“Ben Dougan”

Really enjoyed tuning in to Late Show With David Letterman the other night.  No HelyTimes reader should miss the above clip.

I hadn’t watched the show in awhile: it brings back visceral memories of eating moist takeout on the 14th floor of the Ed Sullivan Theater, watching the taping alone on a little TV in my office.

Watching the show again I thought came closer to understanding the show than I ever did then.  David Letterman and Paul Schaffer operate in some shared inbetween land of irony and genuine, earnest love for the thing they’re being ironic about.  It’s like they’re making a parody of a TV show, but a parody that comes from an almost painful longing. Paul is more joyful.

Consider this, from a 1984 Playboy interview with DL:

Playboy: Paul Shaffer’s comical character provides a nice counterpoint to your cynicism. Was that something designed, or did it just happen?

Letterman: Paul was originally hired solely for the music. We wanted old R&B stuff and good, solid rock ‘n’ roll—the kind of music you never hear on TV talk shows. But while we were talking with him, we were reminded of all the wonderful things he had done on Saturday Night Live,playing Don Kirshner and Marvin Hamlisch. And he is a very, very funny guy. So we just naturally began utilizing more and more of his talents.

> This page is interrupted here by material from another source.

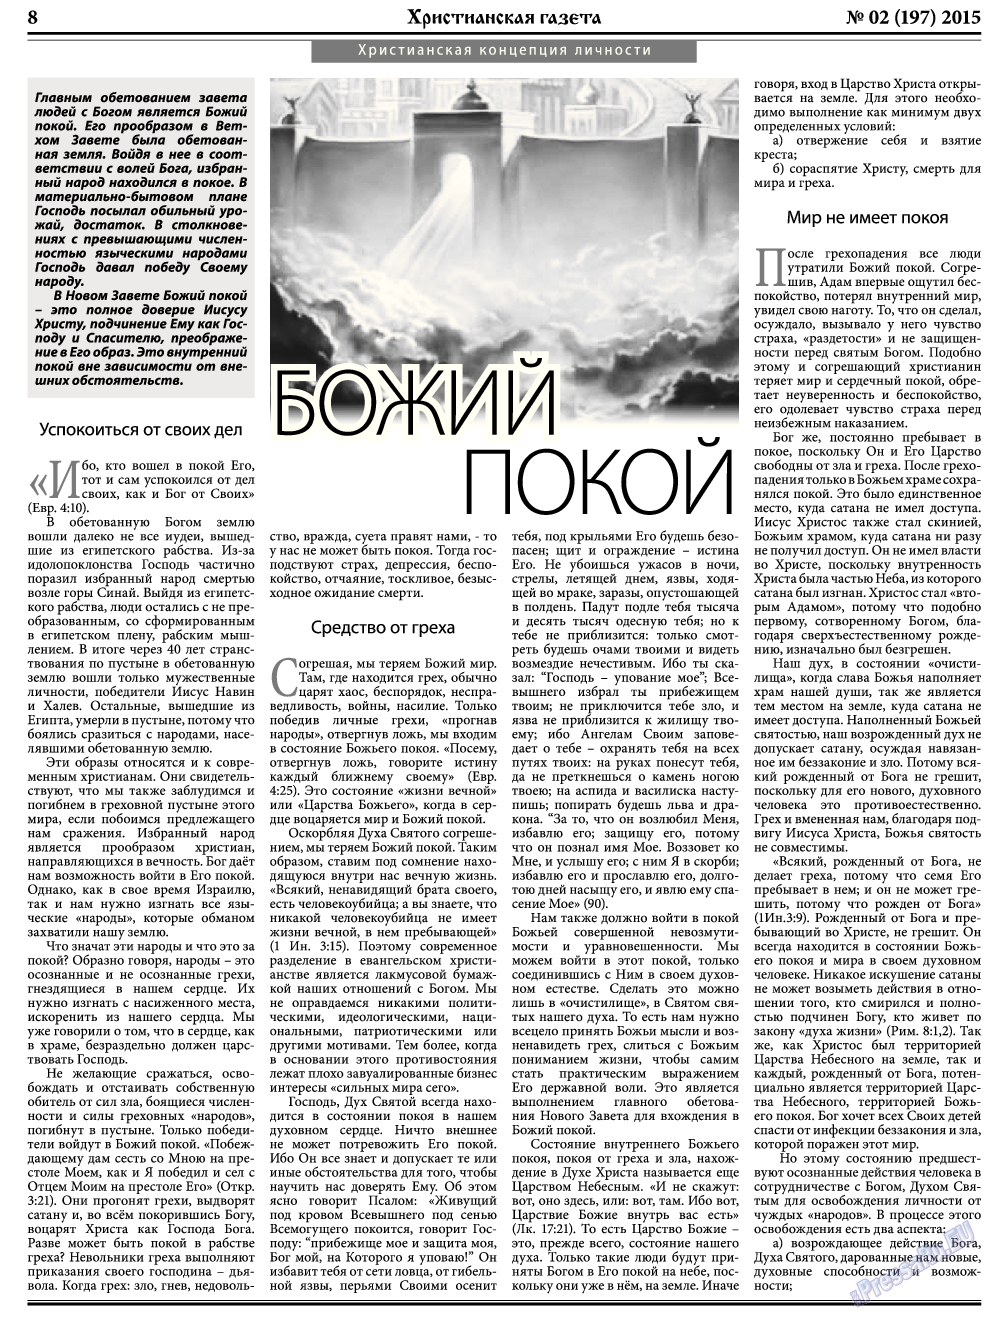 Христианская газета, газета. 2015 №2 стр.8

Playboy: But where did that character come from?

Letterman: From Paul, who really does love showbiz kitsch. It’s his hobby. He records The Jerry Lewis Labor Day Telethon and plays back Jerry introducing Chad Everett 100 times in a row. On vacations, he goes to Las Vegas and listens to lounge comics and lounge piano players and memorizes their clichés. It’s not that he’s making fun of it; he’s fascinated by it.

Playboy: What you say makes us wonder if the character he plays really is a character.

Letterman: When people come up to me on the street, probably the most asked question is “Is Paul Shaffer for real?” What he does is an extension of an aspect of his personality. So it would not be inaccurate to say, “Yeah, that’s him.” But he’s also a very nice man; a sweet, sensitive human being. See? Maybe it is impossible to describe Paul without lapsing into those stupid showbiz clichés. You know him, you love him, you can’t live without him.

Another interesting thing from that interview:

Playboy: Your college years were 1965 through 1969, the anti-Vietnam war protest era. Were you involved in the radical politics of that time?

Letterman: Ball State was pretty much isolated from all of that. I’m not sure why, since Kent State was not far off or too different. And I was not what you would call politicized. While other campuses were staging major demonstrations, our biggest worry was “How are we gonna get beer for the big dance?” I was hardly aware of the Vietnam war until a friend of mine flunked out and was drafted and [snaps fingers] was dead like that. One day, here’s a guy setting fire to the housemother’s panty hose, and the next day, he’s gone. That got my attention.

It’s no wonder DFW thought so much about Letterman.  I’m not gonna try and articulate something that stumped that dude.

A shame this above clip cuts off before a callback about Ben Dougan’s nose for a free lunch.  That was pure joy.